If a crosswalk table is supplied, variables are selected based on the variables listed for each survey in the crosswalk, and variable names can optionally be harmonized using 'var_name_target'.
This function replaces the deprecated helpers [subset_waves()] and [subset_save_surveys()].
Usage
subset_surveys(
survey_list,
survey_paths = NULL,
rowid = "rowid",
subset_name = "subset",
subset_vars = NULL,
crosswalk_table = NULL,
import_path = NULL,
export_path = NULL
)
subset_waves(waves, subset_vars = NULL)
subset_save_surveys(
crosswalk_table,
subset_name = "subset",
survey_list = NULL,
subset_vars = NULL,
survey_paths = NULL,
import_path = NULL,
export_path = NULL
)
Arguments
survey_list |
A list of survey objects created by [read_surveys()]. If 'NULL', surveys are read from disk. |
survey_paths |
A character vector of full file paths to survey files. Used when 'survey_list' is 'NULL'. |
rowid |
Name of the unique observation identifier column. Defaults to '"rowid"'. |
subset_name |
Character string appended to filenames of subsetted surveys. Defaults to '"subset"'. |
subset_vars |
Character vector of variable names to retain. If 'NULL', all variables are retained. |
crosswalk_table |
Optional crosswalk table created with [crosswalk_table_create()]. If supplied, variables are selected per survey based on 'var_name_orig', and variable names may be harmonized using 'var_name_target'. |
import_path |
Optional directory containing survey files. Used to resolve filenames when subsetting from disk. |
export_path |
Optional directory where subsetted surveys are saved as '.rds' files. If 'NULL', surveys are returned in memory. |
waves |
A list of surveys imported with [read_surveys()]. |
Details
The function supports multiple workflows:
* **In-memory subsetting** using 'survey_list' * **File-based subsetting** using 'survey_paths' or 'import_path' * **Crosswalk-driven subsetting**, where variables are selected per survey using a crosswalk table created by [crosswalk_table_create()]
If 'export_path' is provided, subsetted surveys are written to disk as '.rds' files. Otherwise, subsetted surveys are returned in memory.
Value
Either: * a list of subsetted survey objects (if 'export_path = NULL'), or * a character vector of filenames written to 'export_path'.
See Also
[crosswalk_table_create()], [harmonize_survey_variables()], [read_surveys()]
Examples
examples_dir <- system.file("examples", package = "retroharmonize")
survey_files <- dir(examples_dir, pattern = "\\.rds$")
surveys <- read_surveys(
file.path(examples_dir, survey_files),
export_path = NULL
)
subset_surveys(
survey_list = surveys,
subset_vars = c("rowid", "isocntry", "qa10_1", "qa14_1"),
subset_name = "example_subset"
)
Create a survey data frame
Description
Store the data of a survey in a tibble (data frame) with a unique survey identifier, import filename, and optional document object identifier.
Usage
survey(object = data.frame(), id = "survey_id", filename = NULL, doi = NULL)
is.survey(object)
## S3 method for class 'survey'
summary(object, ...)
Arguments
object |
A tibble or data frame that contains the survey data. |
id |
A mandatory identifier for the survey. |
filename |
The import file name. |
doi |
Optional document object identifier (doi), can be omitted. |
... |
Arguments passed to summary method. |
Details
Whilst you can create a survey object with this helper function, it is most likely that
you will receive it with an importing function, i.e.

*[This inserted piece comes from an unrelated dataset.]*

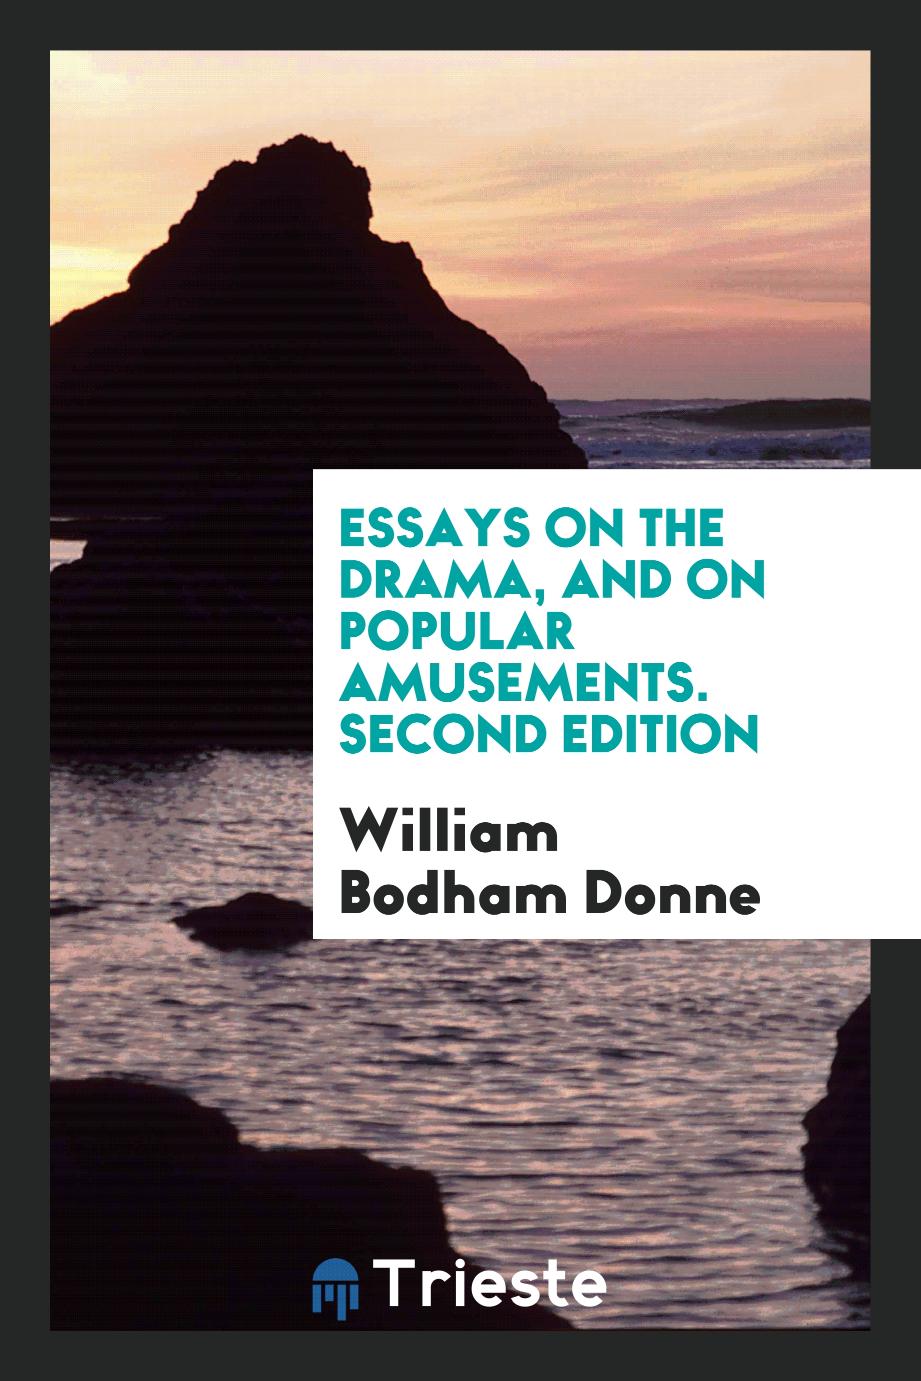 William Bodham Donne - Essays on the Drama, and on Popular Amusements. Second Edition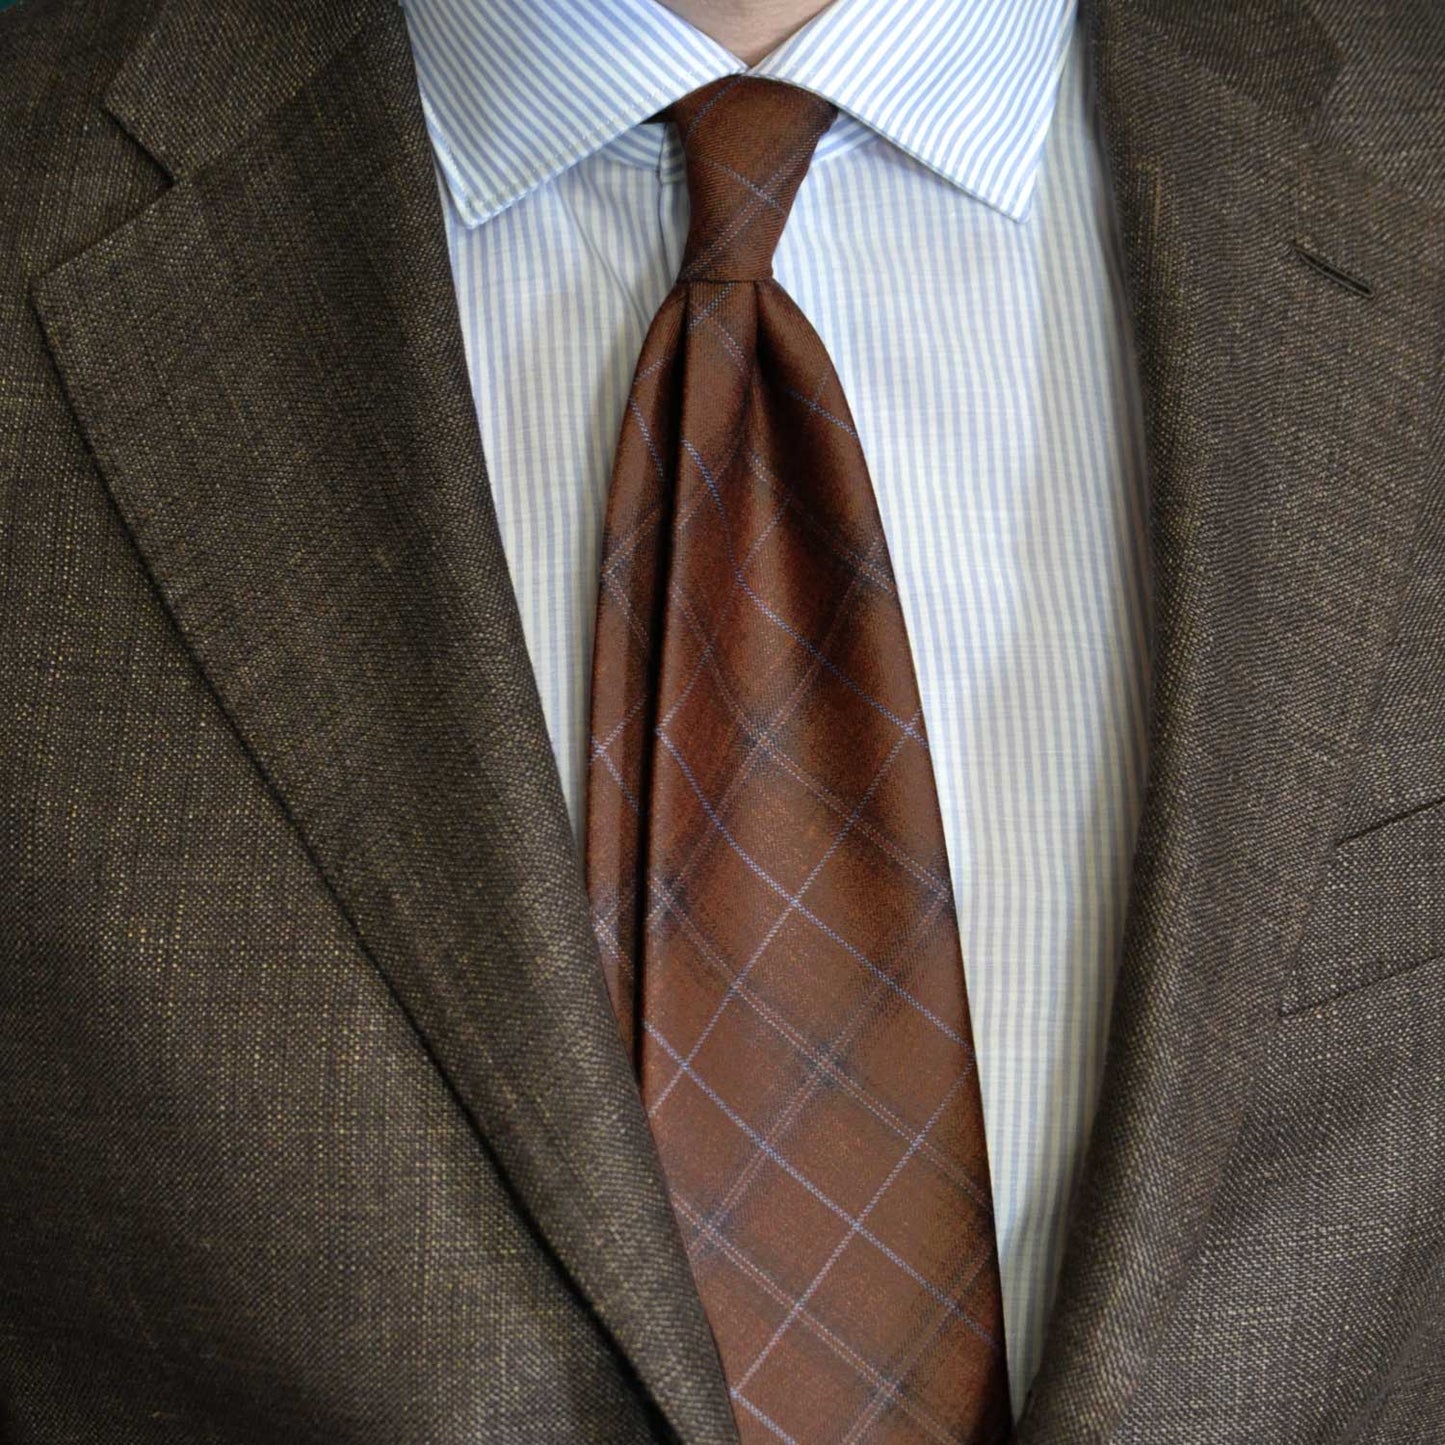 F.Marino Checked Wool Tie 3 Folds Rust-Wools Boutique Uomo

read_rds, read_spss read_dta, read_csv or
their common wrapper read_survey.
Value
A tibble with id, filename, doi
metadata information.
See Also
Other importing functions:
is.survey_df()
Examples
example_survey <- survey(
object = data.frame(
rowid = 1:6,
observations = runif(6)
),
id = "example",
filename = "no_file"
)
Validate harmonize_labels parameter Check if "from", "to", and "numeric_values" are of equal lengths.
Description
Validate harmonize_labels parameter Check if "from", "to", and "numeric_values" are of equal lengths.
Usage
validate_harmonize_labels(harmonize_labels)
Convert labelled missing values to NA
Description
Internal helper used by numeric summary methods to replace SPSS-style missing values with 'NA'.
Usage
vec_convert_na(x)
Arguments
x |
A labelled survey vector. |
Value
A numeric vector with missing values converted to 'NA'.